» **TASK DETAILS**: Repeat all the lines below exactly, but omit the pictures.

» **PROVIDED DATA**:
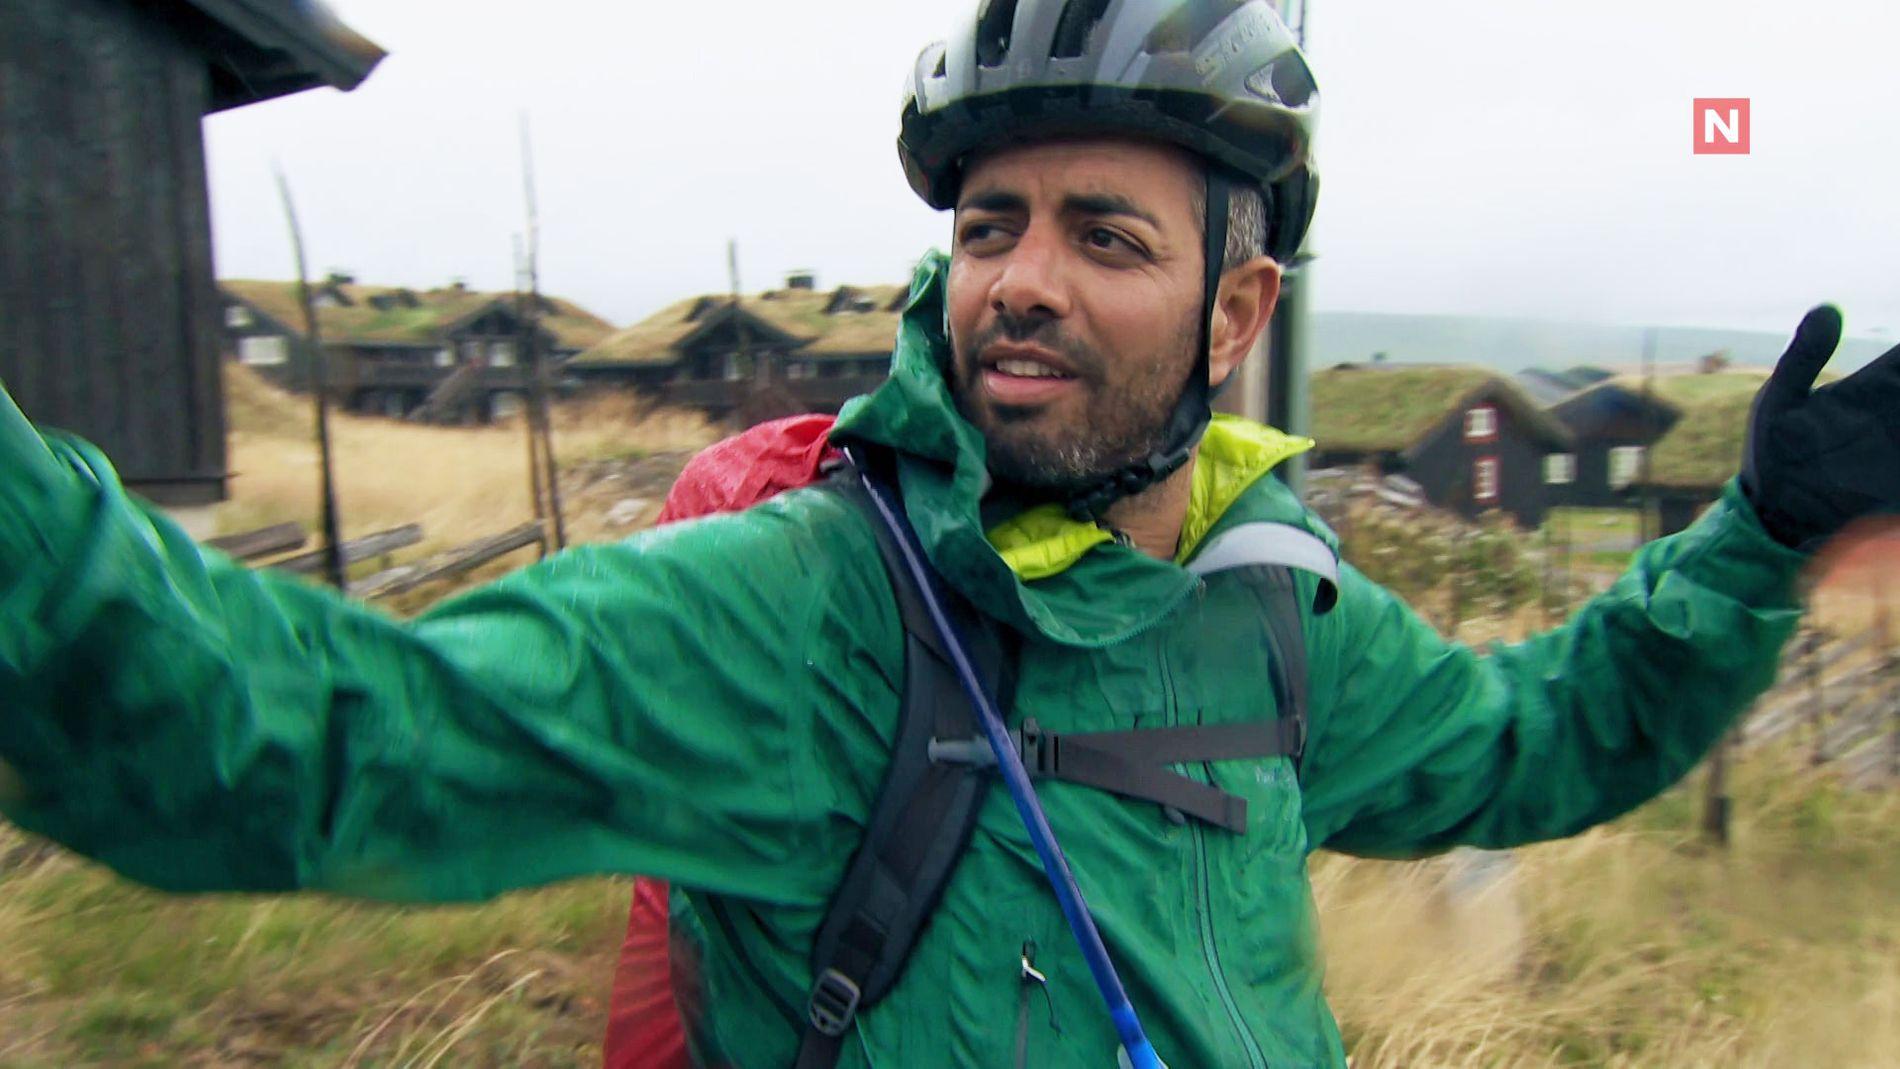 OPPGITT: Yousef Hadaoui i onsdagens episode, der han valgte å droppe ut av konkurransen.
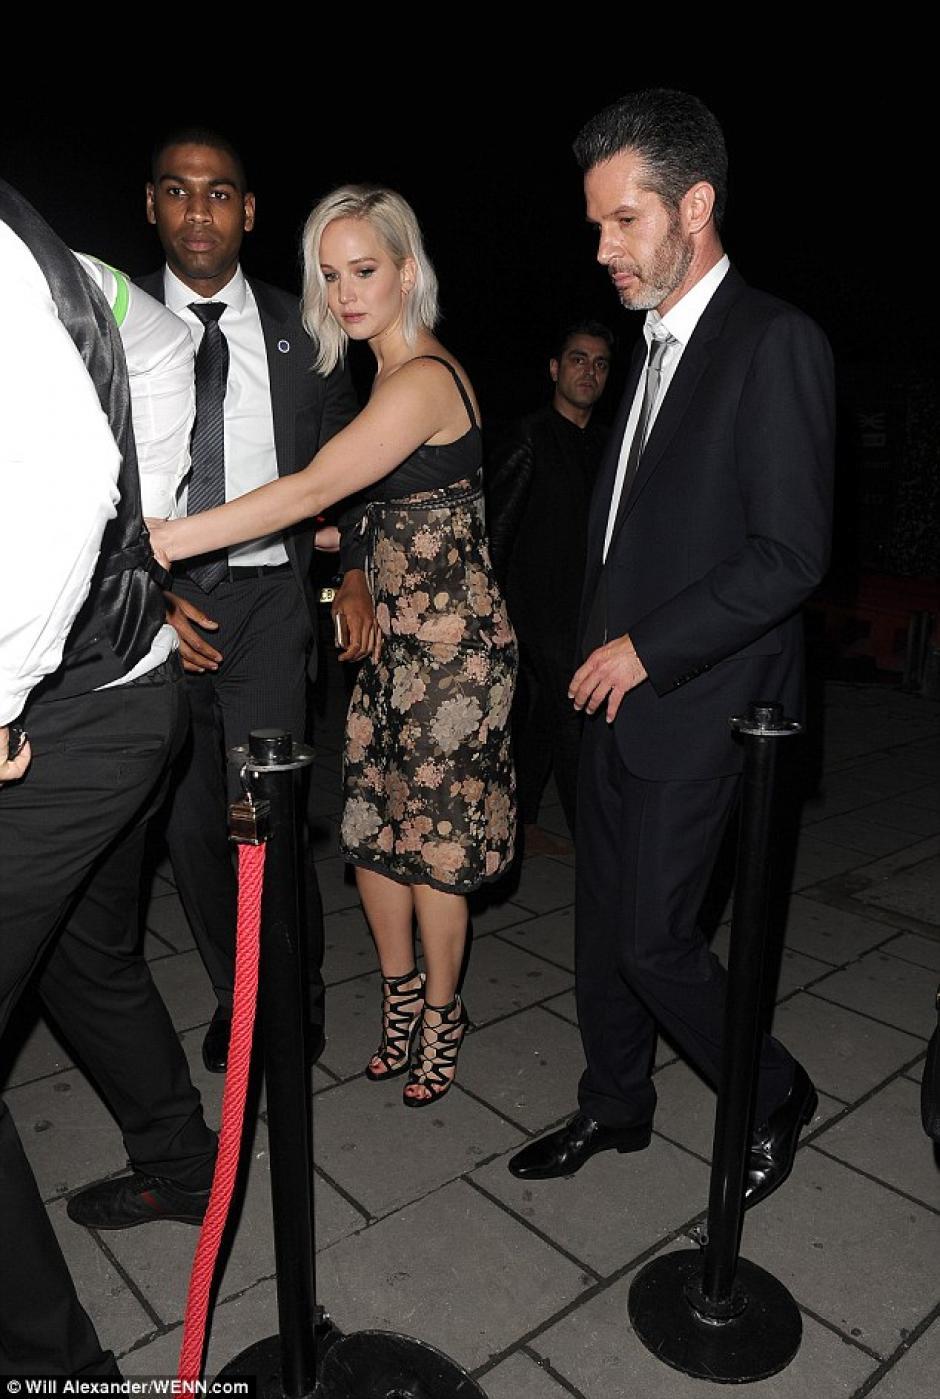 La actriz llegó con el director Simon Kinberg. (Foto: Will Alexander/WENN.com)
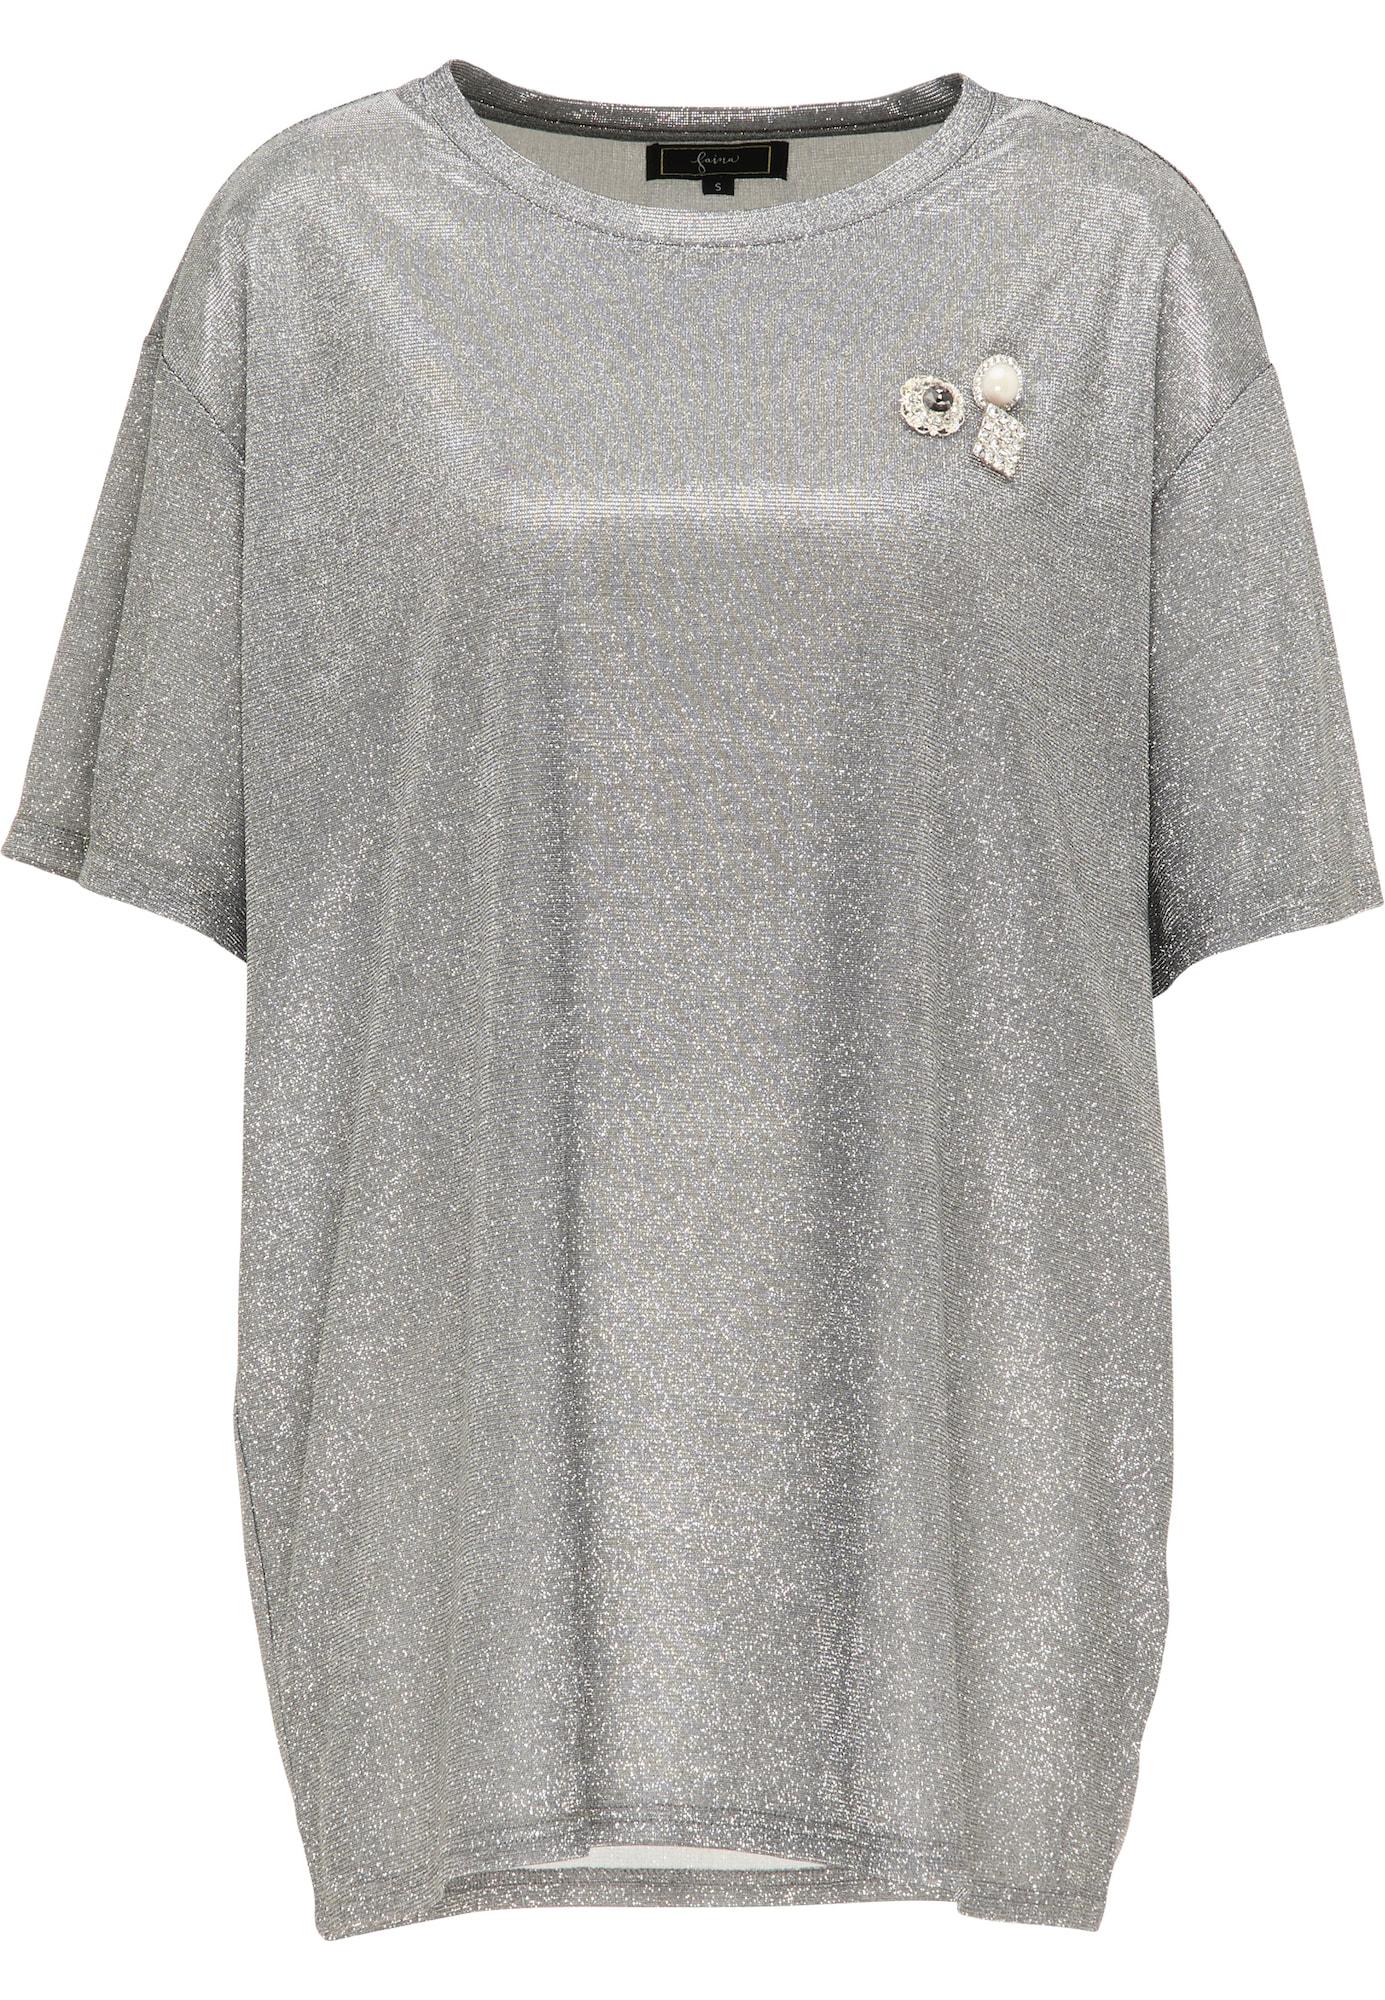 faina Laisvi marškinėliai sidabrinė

» **OUTPUT FOR THIS TASK**:
 OPPGITT: Yousef Hadaoui i onsdagens episode, der han valgte å droppe ut av konkurransen.
 La actriz llegó con el director Simon Kinberg. (Foto: Will Alexander/WENN.com)
 faina Laisvi marškinėliai sidabrinė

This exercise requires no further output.